Previous research concluded that these tracks could have been carved with just millimeters of water, but Dr. de Haas disagrees. His team calculated that inches or even feet of snow had to pile up at the heads of these valleys in order to explain the debris flow patterns visible in the images taken from orbit.
The Martian climate is currently quite dissimilar from Earth's climate, with very cold temperatures and an almost nonexistent atmosphere. Most of the known water on the planet is frozen at the poles or hidden in deep underground springs. But finding debris flow tracks in a crater that is less than a million years old – their best estimate dates the crater impact to about 190,000 years ago – demonstrates that temperatures were warm enough in the recent past to allow ice to melt, at least in that region.
How could that happen? De Haas theorizes that these Earth-like debris flows occurred at times of high orbital obliquity, because when Mars's axis is tilted more dramatically, it can have much hotter summers (and colder winters) than the present.
While Earth’s axis has remained relatively constant over its history, only shifting between 22.1 to 24.5 degrees (thanks to stabilization from our large moon), Mars has bobbled like a top over tens of millions of years, moving between an almost vertical axis down to an axial tilt of more than 60 degrees. Its axis is currently tilted 25 degrees, but during high obliquity intervals, Mars is lying down almost sideways with respect to its orbit, like Uranus does.

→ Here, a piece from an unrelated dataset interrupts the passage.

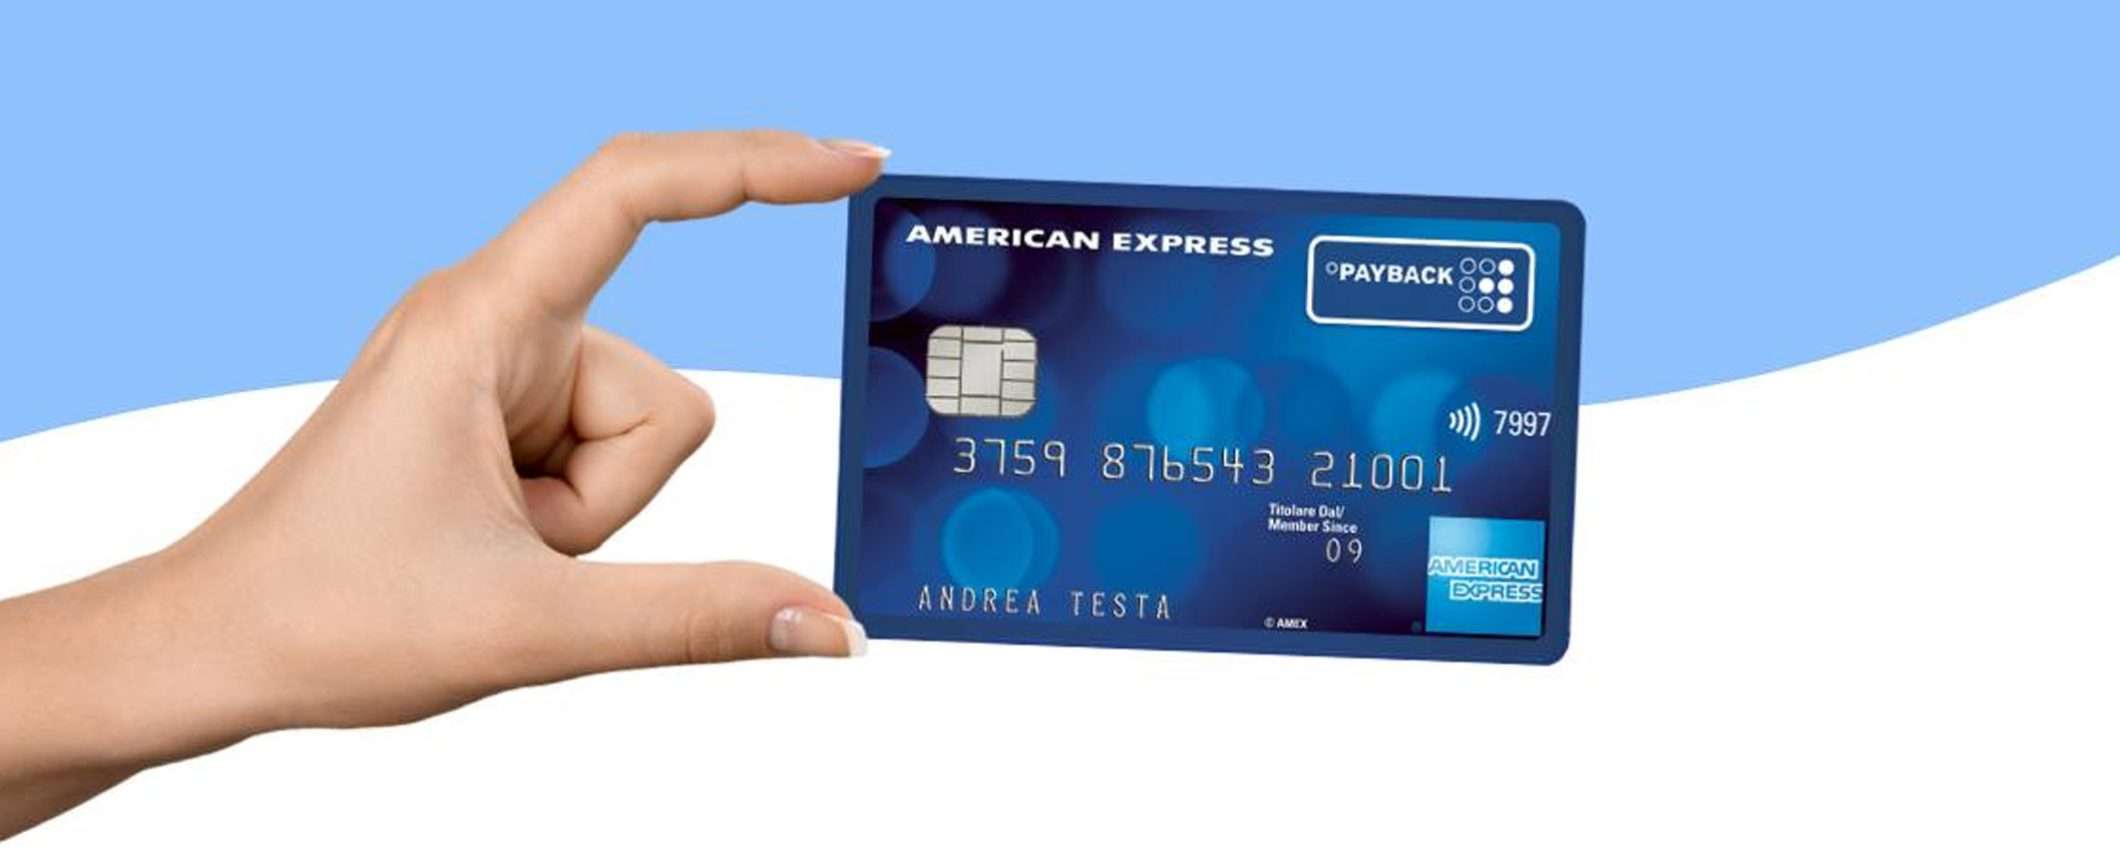 Accumula più punti con i partner online di American Express PAYBACK

It's still uncertain exactly how much these dramatic changes in axial tilt affect Martian climate, but for comparison, a one degree change in Earth's axis may have ended the ice age, melting glaciers from New York City to Greenland. It's not unreasonable to conclude that massive axial swings on Mars could lead to greater climate variation, creating conditions where snow and ice can first accumulate and then melt, causing debris flows.
This study, published in the current issue of Nature Communications, contributes to the emerging understanding of the dynamic climatic history of the red planet; if these results are replicated in other areas around the planet, it may turn out that Mars was once much more habitable than it currently is.
However, de Haas cautions that his team identified only “a local occurrence, and only during very short periods at high orbital obliquity.” More research is necessary, he adds, to determine whether these conditions were present elsewhere or whether they only speak to an isolated, transient incidence of climate conditions like those on Earth.